May I tell you that it didn't take a genius to see two years ago that the economy was overheated and was going to experience a hard landing? We saw it coming, and we're hardly Paul Krugman. Our mistake was to underestimate the depth of the depression or "Great Recession" -- which was what they called the Great Depression for its first couple of years. We thought $25 would be the cut-off, not $20 or even less, as it is now.
So we, too, have some very good wines that must be discounted for clearance. Whether we reorder from the producers in question is a matter of their realism on pricing. If they remain fixed on their 2007 prices, then ciao ciao, bambini.
Customers -- our customers, the retailers and restaurant guys -- are having their own brand of hard times. All you have to do in New York is look at the exalted restos that offer deeply discounted prix fixe menus, or those which have changed their name, menu and price points to cope with the new reality. One startling example is David Burke's new eatery on the Upper East Side, FishTail. It focuses on seafood and posts prices far less extravagant than its sister restaurant one block south, David Burke's Townhouse.
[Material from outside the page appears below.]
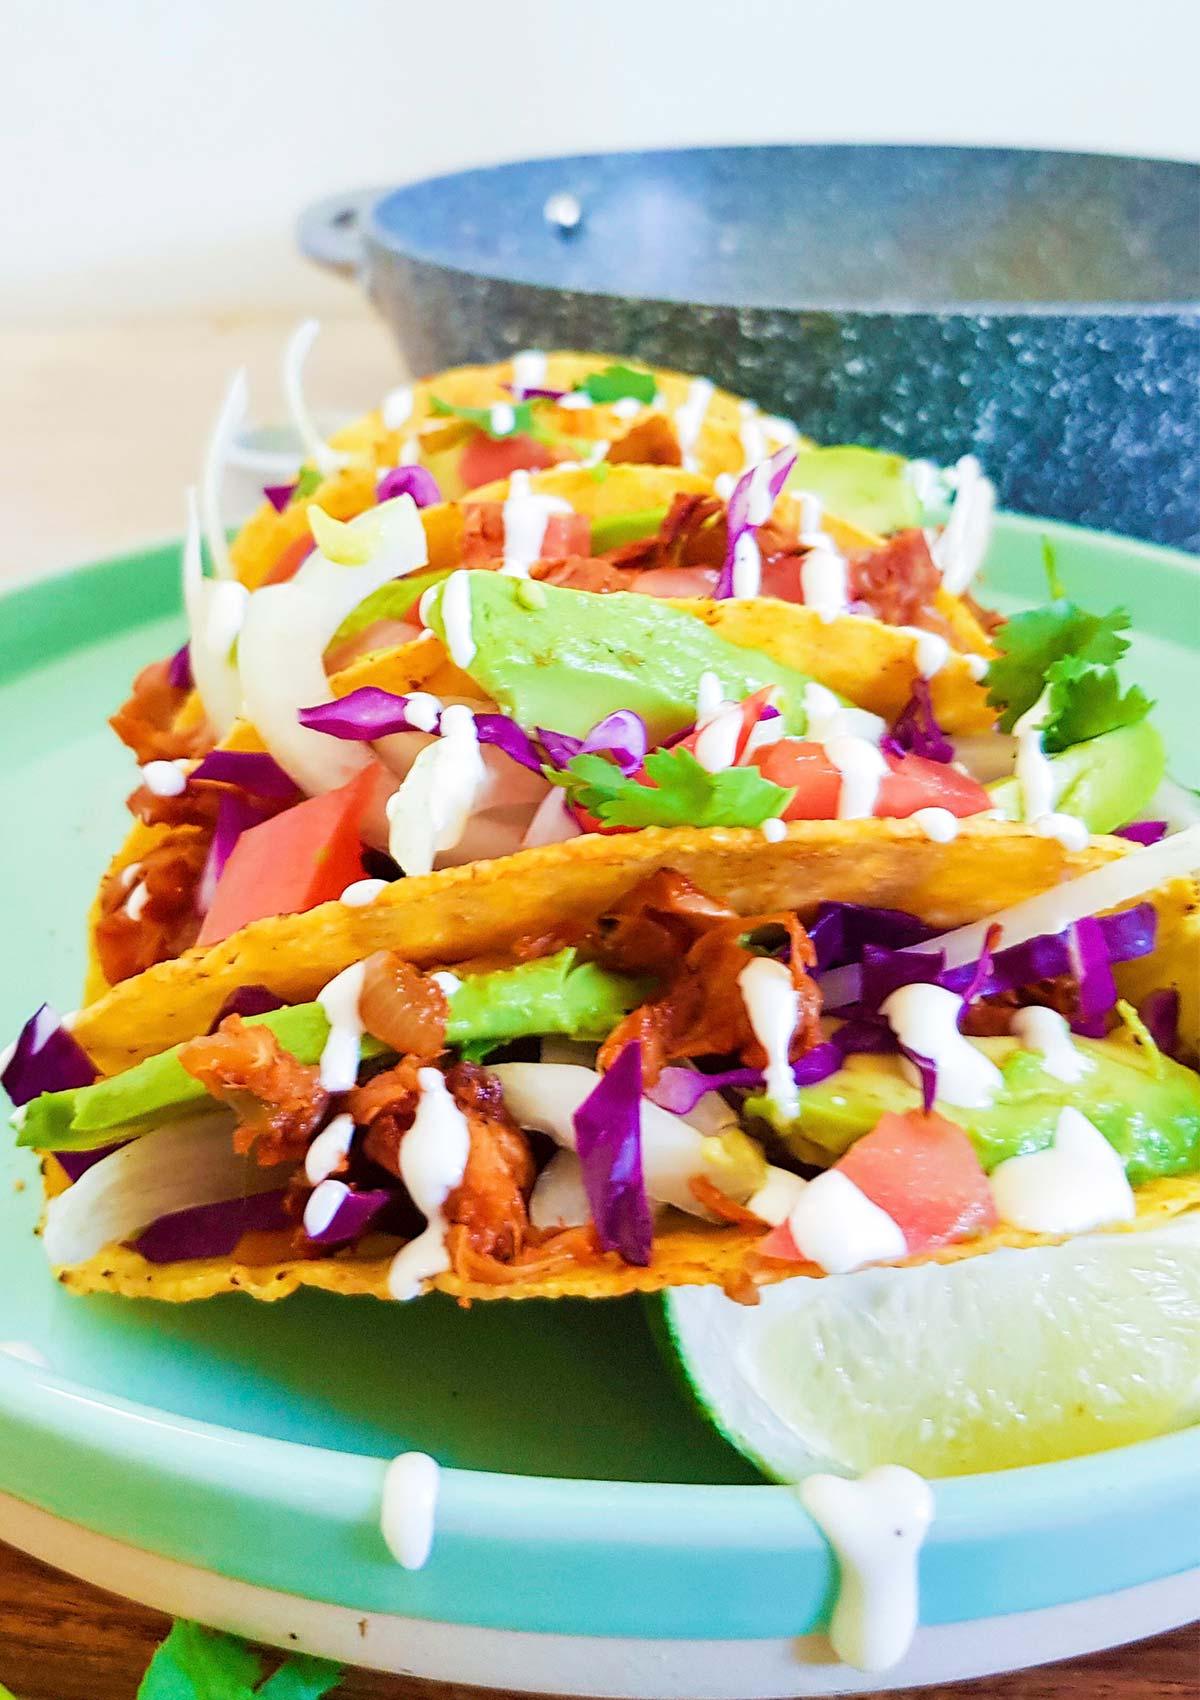 Jackfruit tacos topped with vegan sour cream
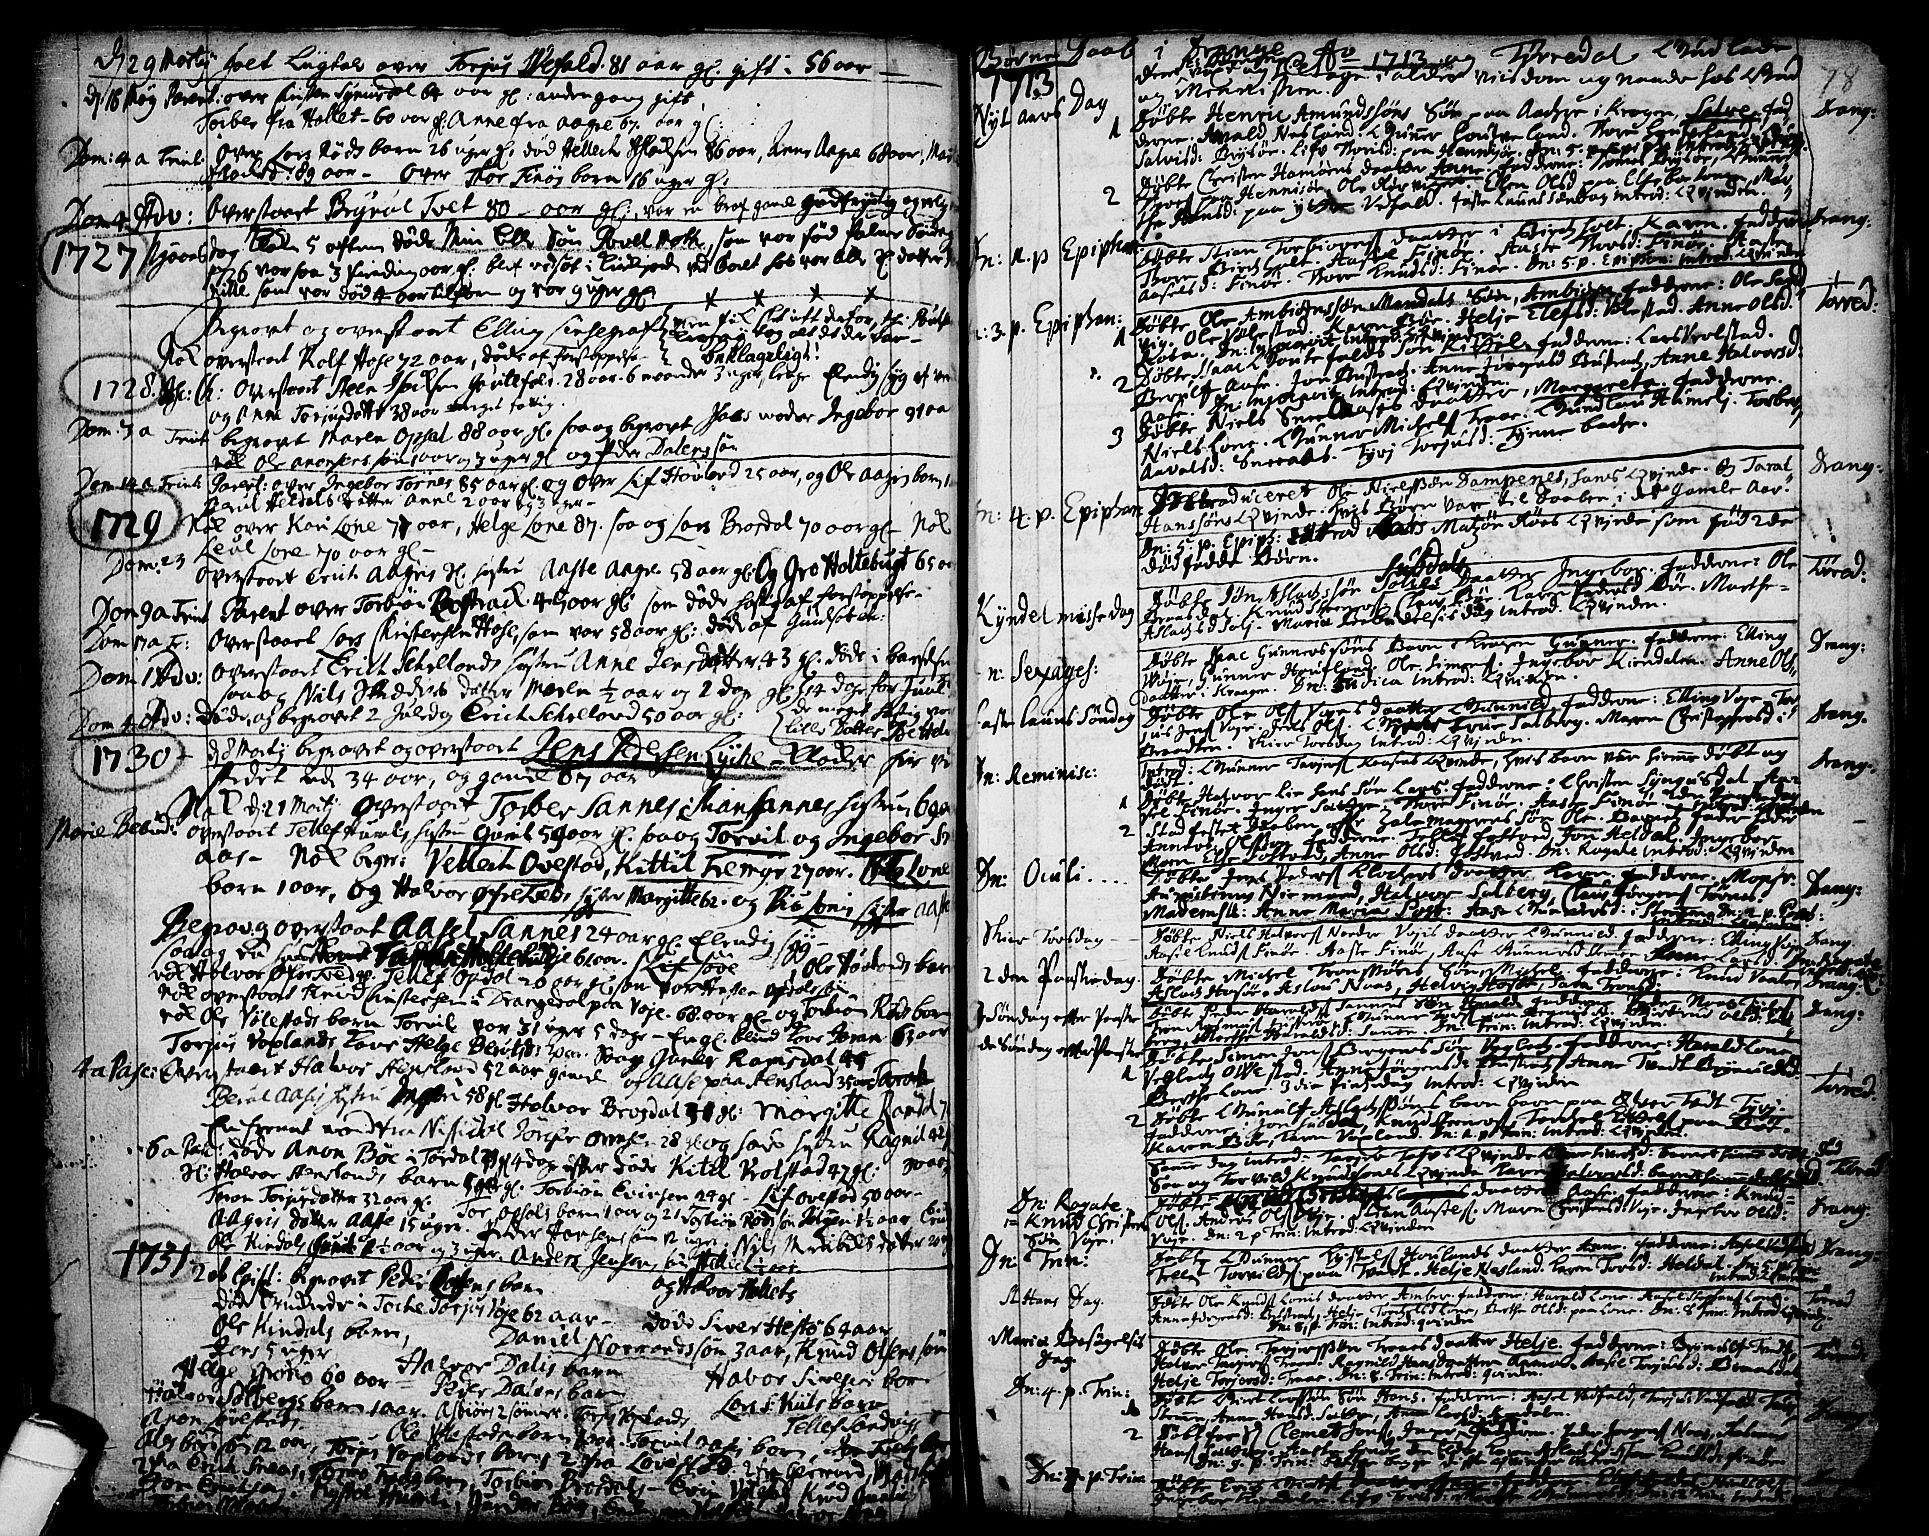 SAKO, Drangedal kirkebøker, F/Fa/L0001: Ministerialbok nr. 1, 1697-1767, s. 78

Plenty of these guys are just scraping by because their clientele no longer has the money or stomach for $100+ bottles at restaurant table or $40 ones at home. They want a nice bottle with dinner, but they're willing to trade down. And in many cases, no doubt, discovering that the bottle costing one-half what they used to pay is really about as good as the expensive one. The inevitable thought will occur: "Why should I go back to spending more than I need to?"
For those of us who haven't received any TARP money, this mentality is going to persist a long long while.